Could you give the listing again exactly, without its pictures?

**Data excerpt**:

====

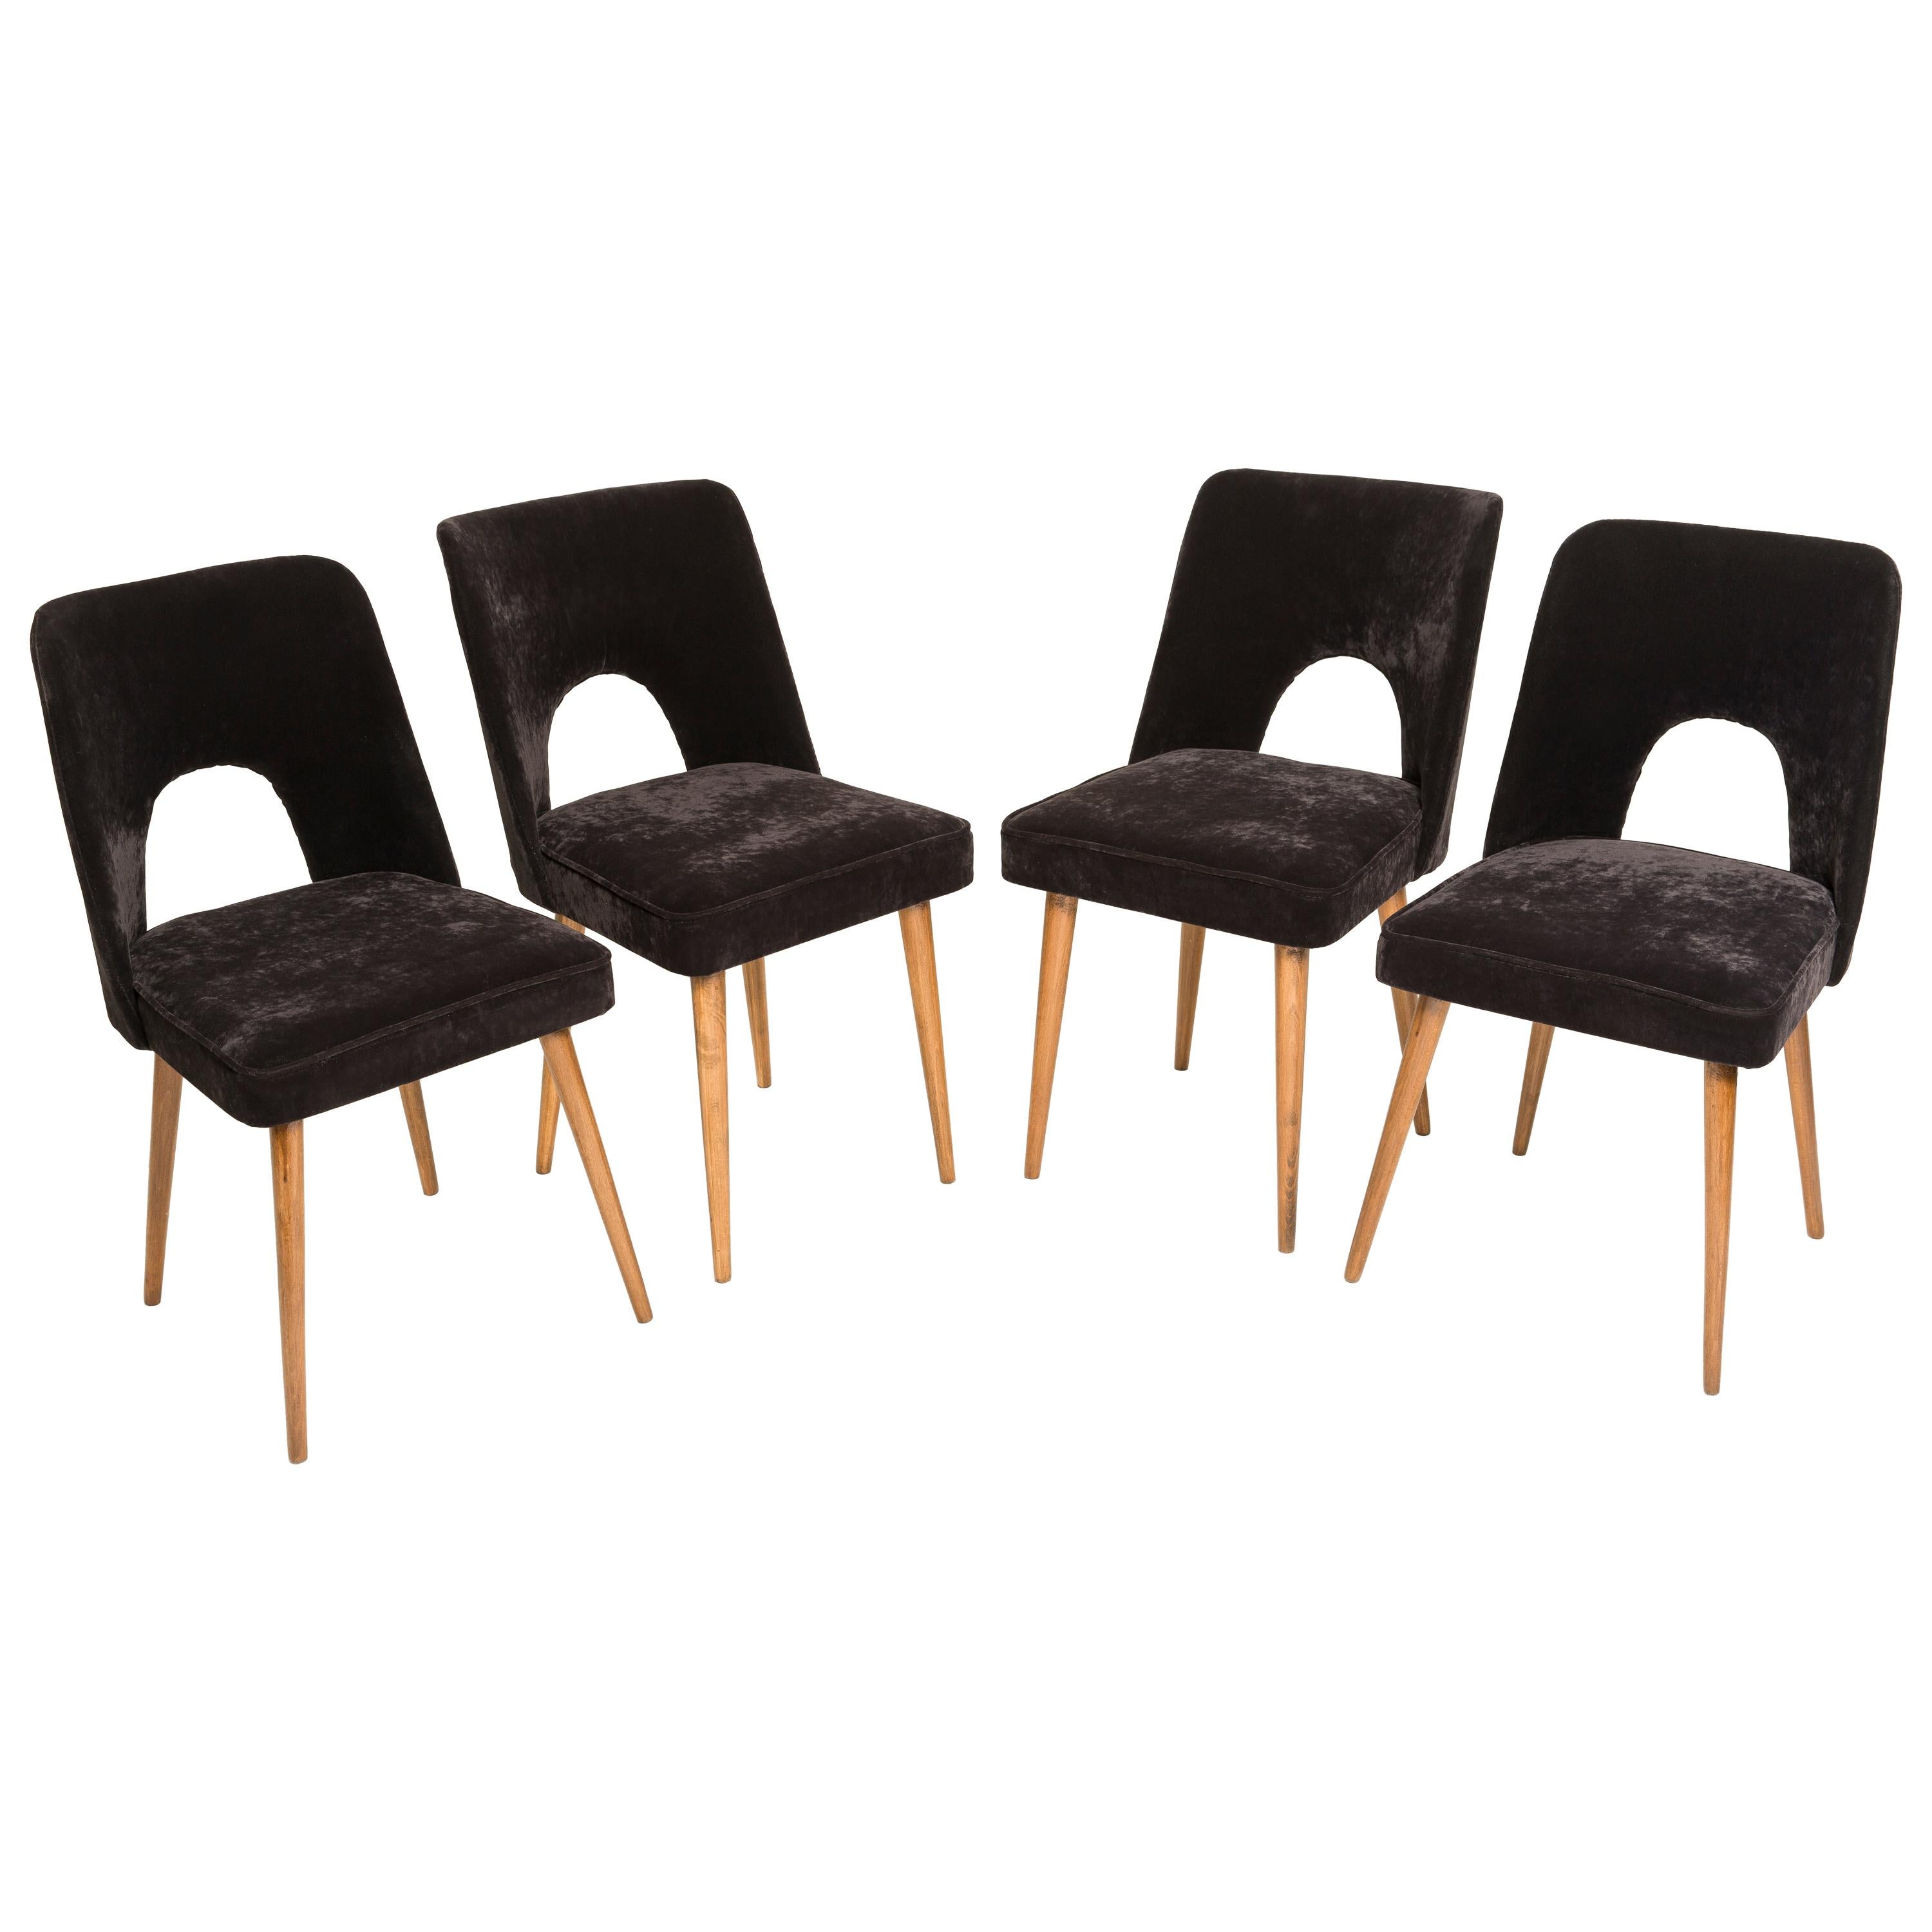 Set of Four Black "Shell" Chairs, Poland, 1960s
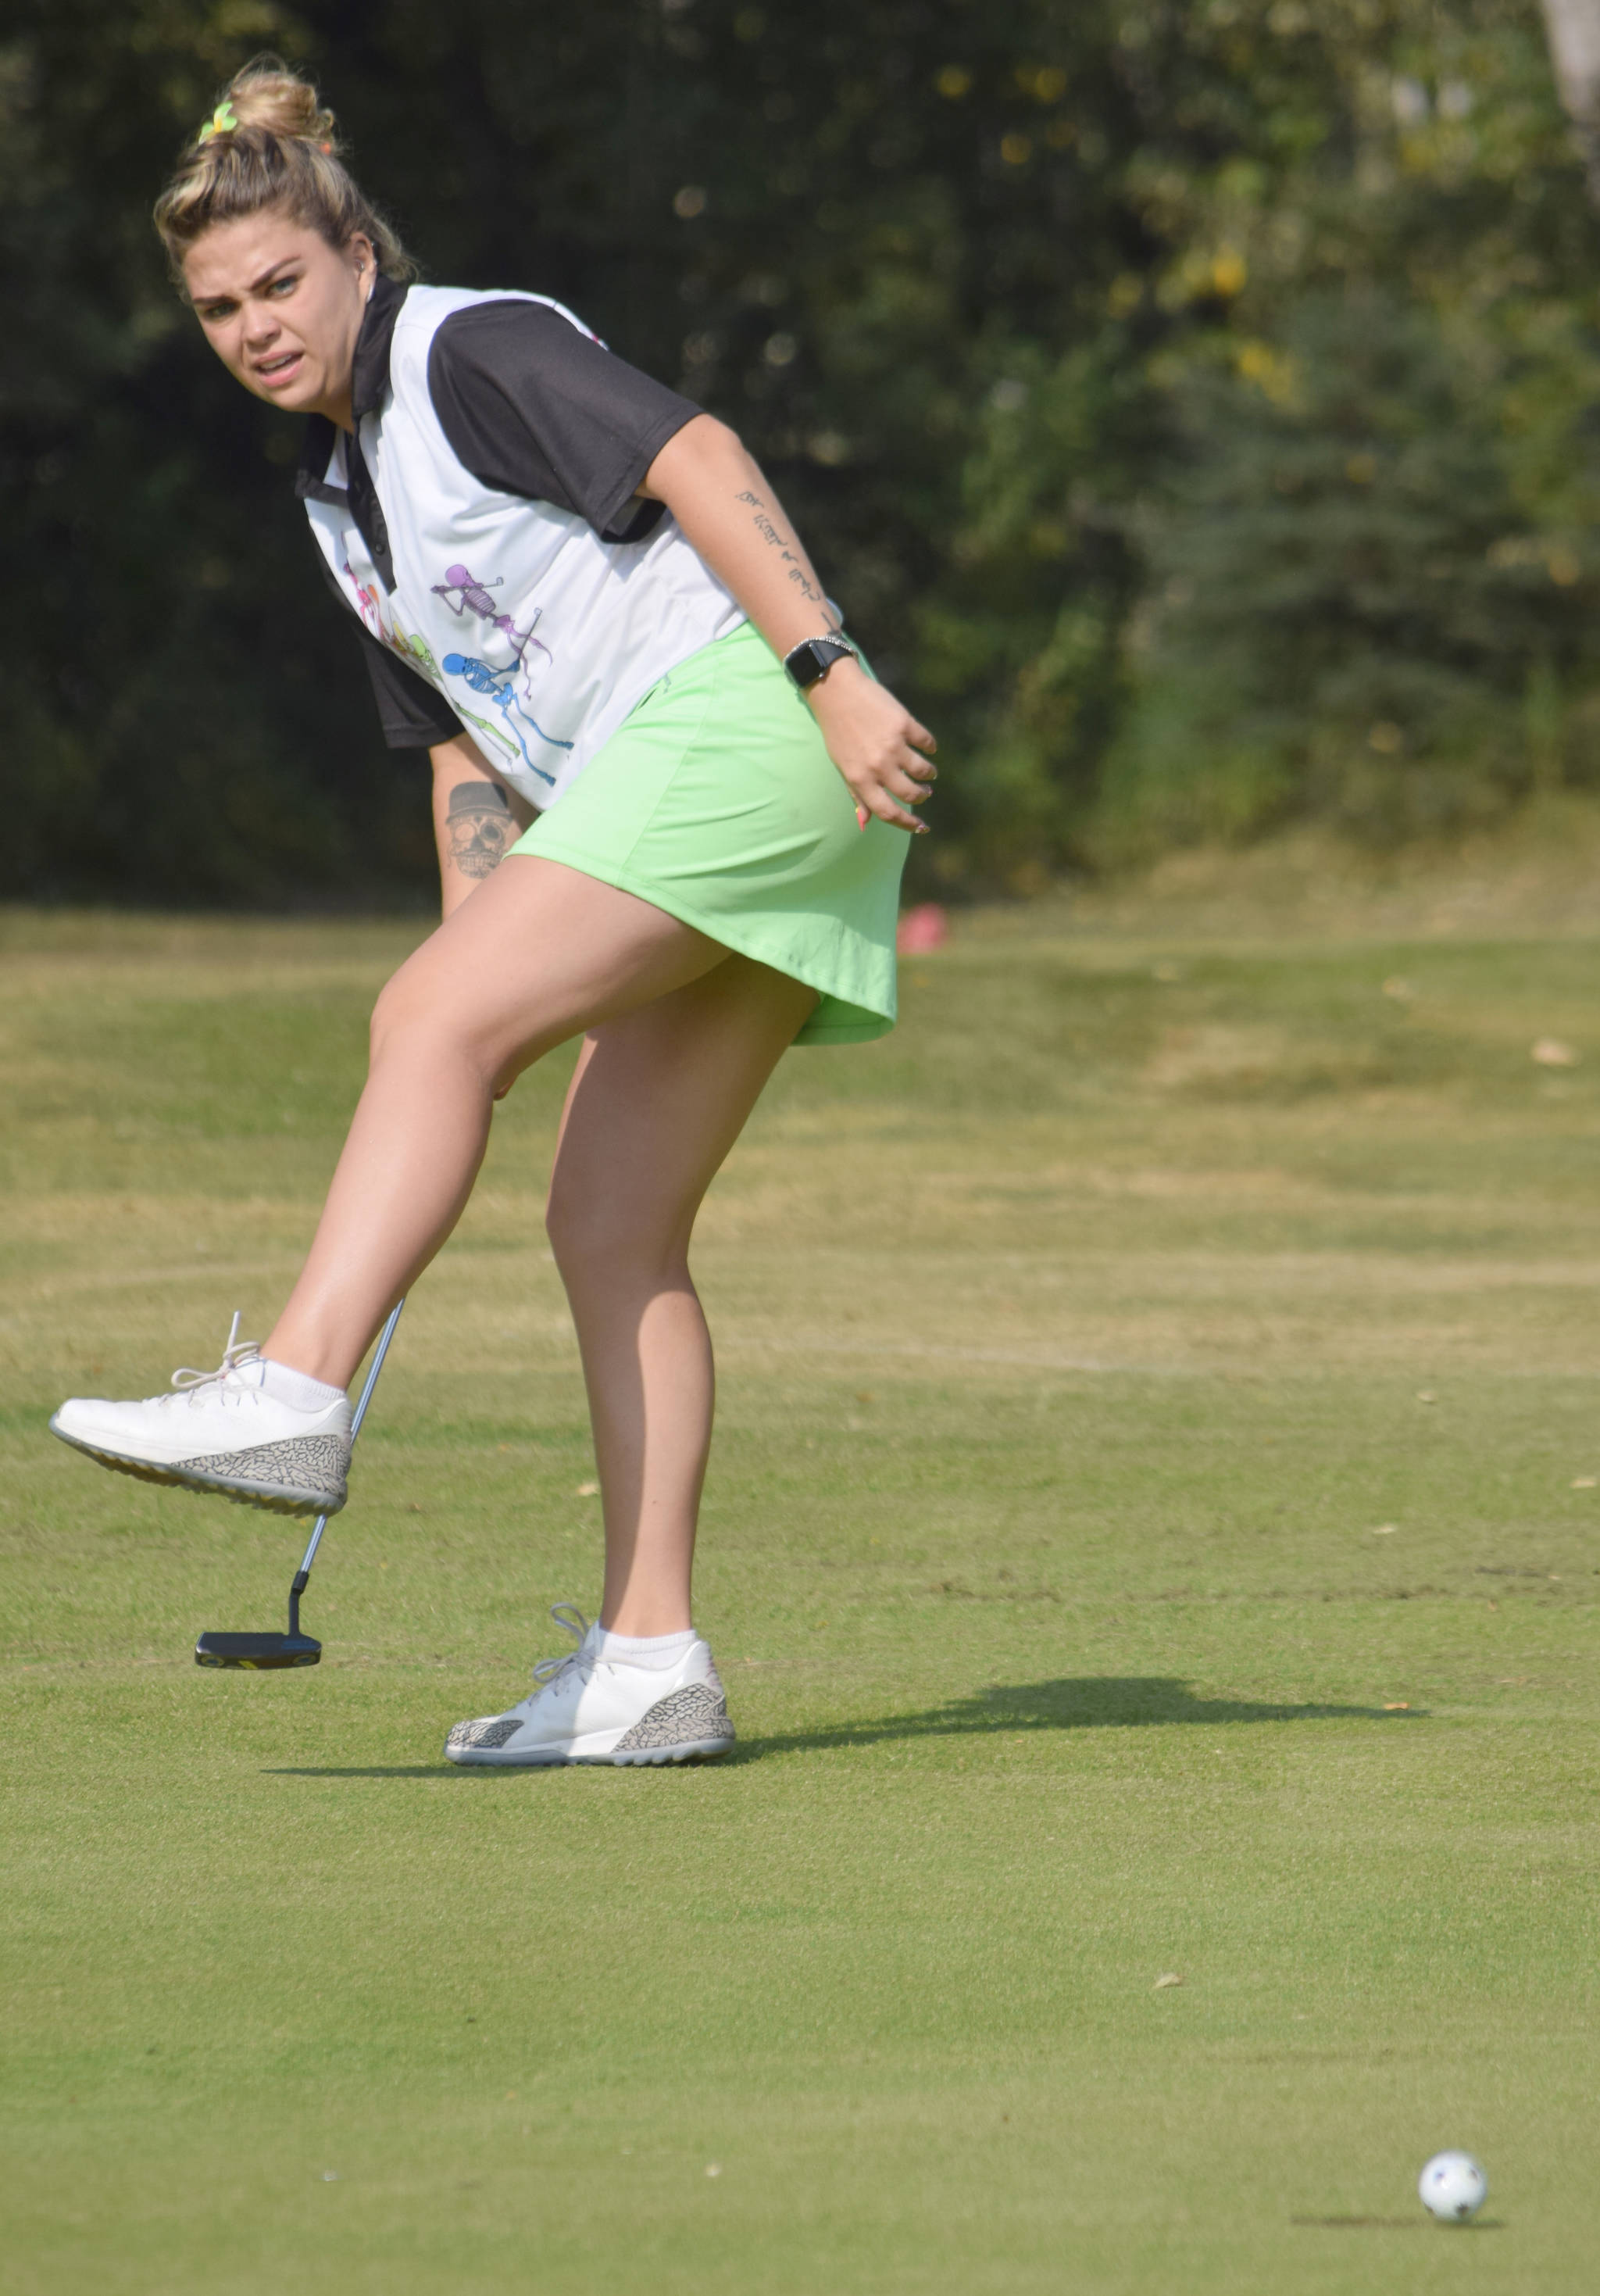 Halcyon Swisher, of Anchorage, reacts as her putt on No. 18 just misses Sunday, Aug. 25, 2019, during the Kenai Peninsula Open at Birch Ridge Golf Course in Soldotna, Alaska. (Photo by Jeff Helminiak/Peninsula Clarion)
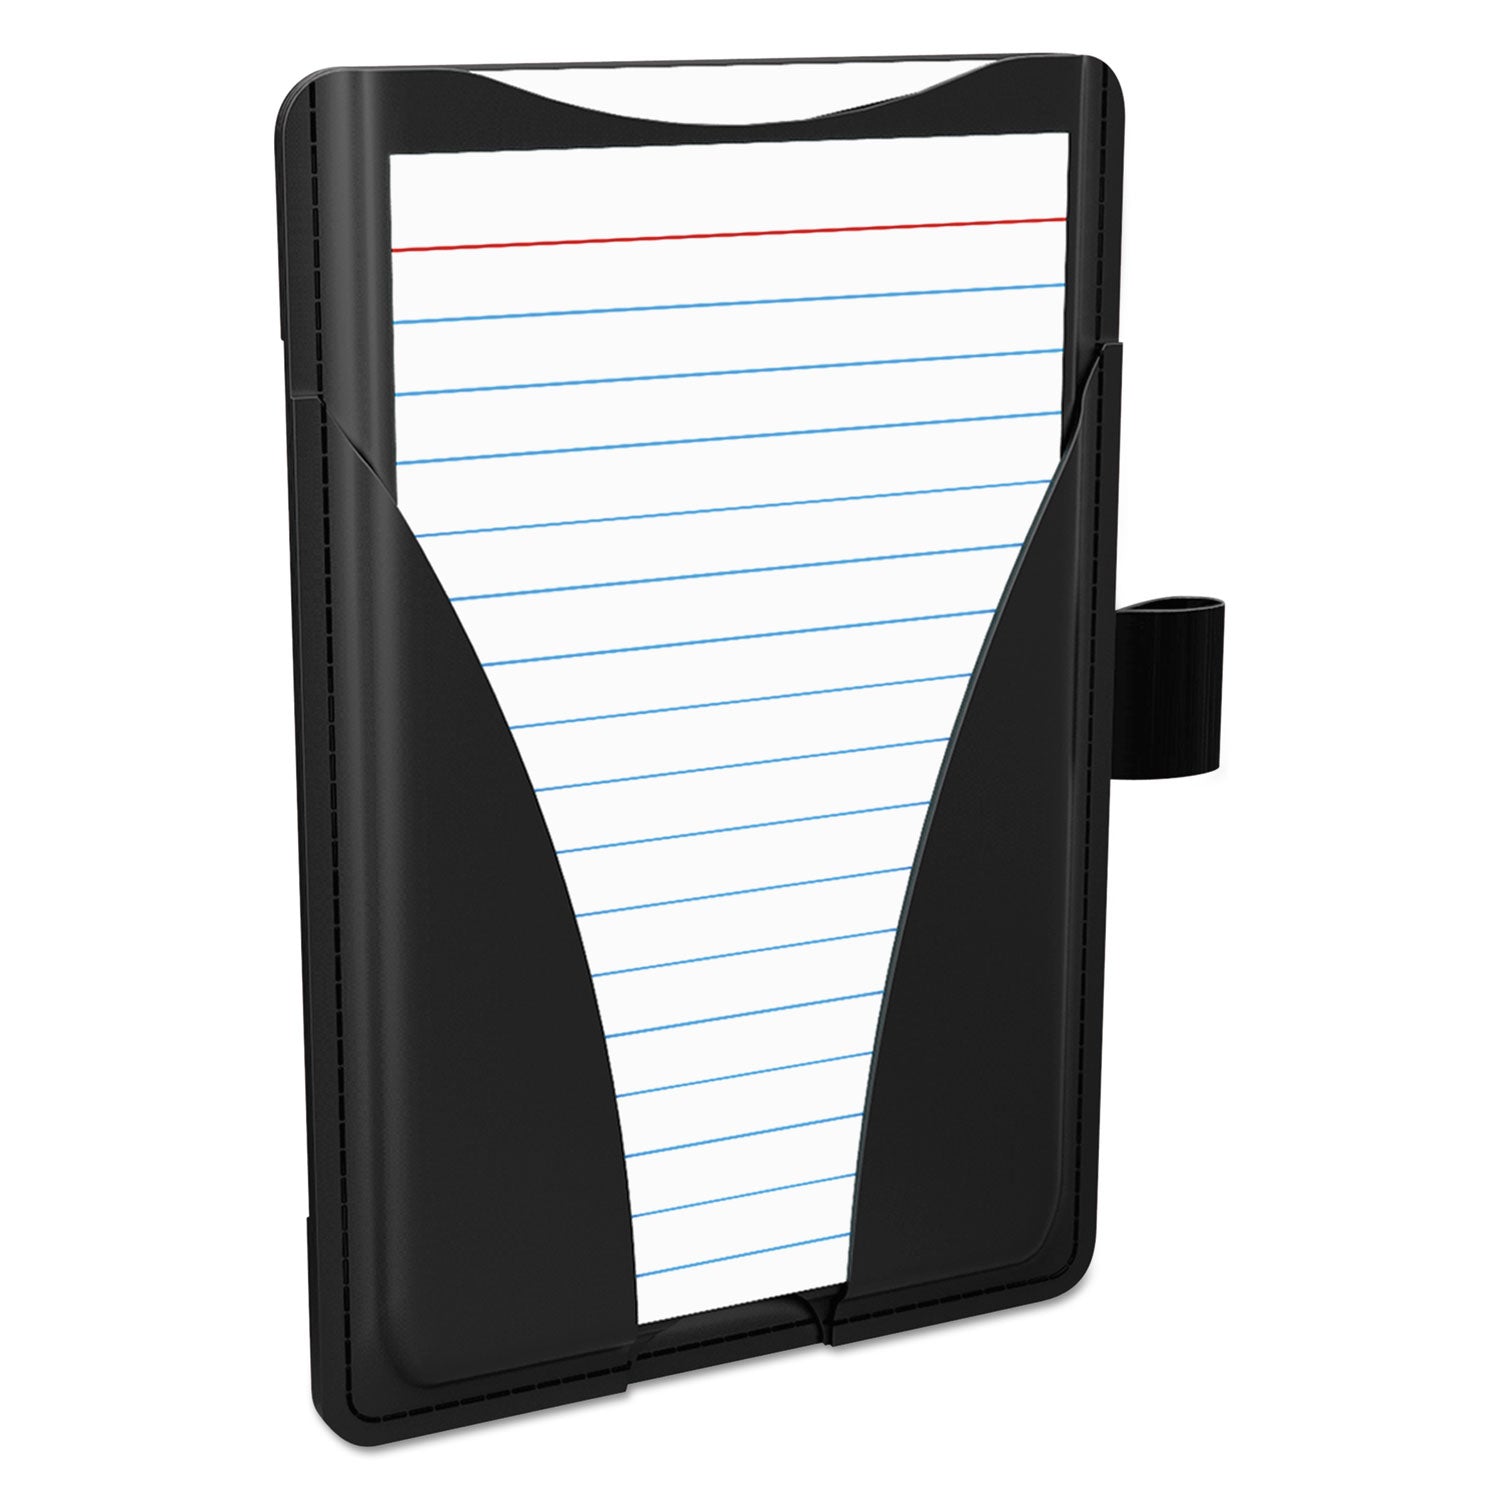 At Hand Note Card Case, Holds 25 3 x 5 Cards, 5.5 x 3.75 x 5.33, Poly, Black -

====

**Completed exercise**:
 Set of Four Black "Shell" Chairs, Poland, 1960s
 Halcyon Swisher, of Anchorage, reacts as her putt on No. 18 just misses Sunday, Aug. 25, 2019, during the Kenai Peninsula Open at Birch Ridge Golf Course in Soldotna, Alaska. (Photo by Jeff Helminiak/Peninsula Clarion)
 At Hand Note Card Case, Holds 25 3 x 5 Cards, 5.5 x 3.75 x 5.33, Poly, Black -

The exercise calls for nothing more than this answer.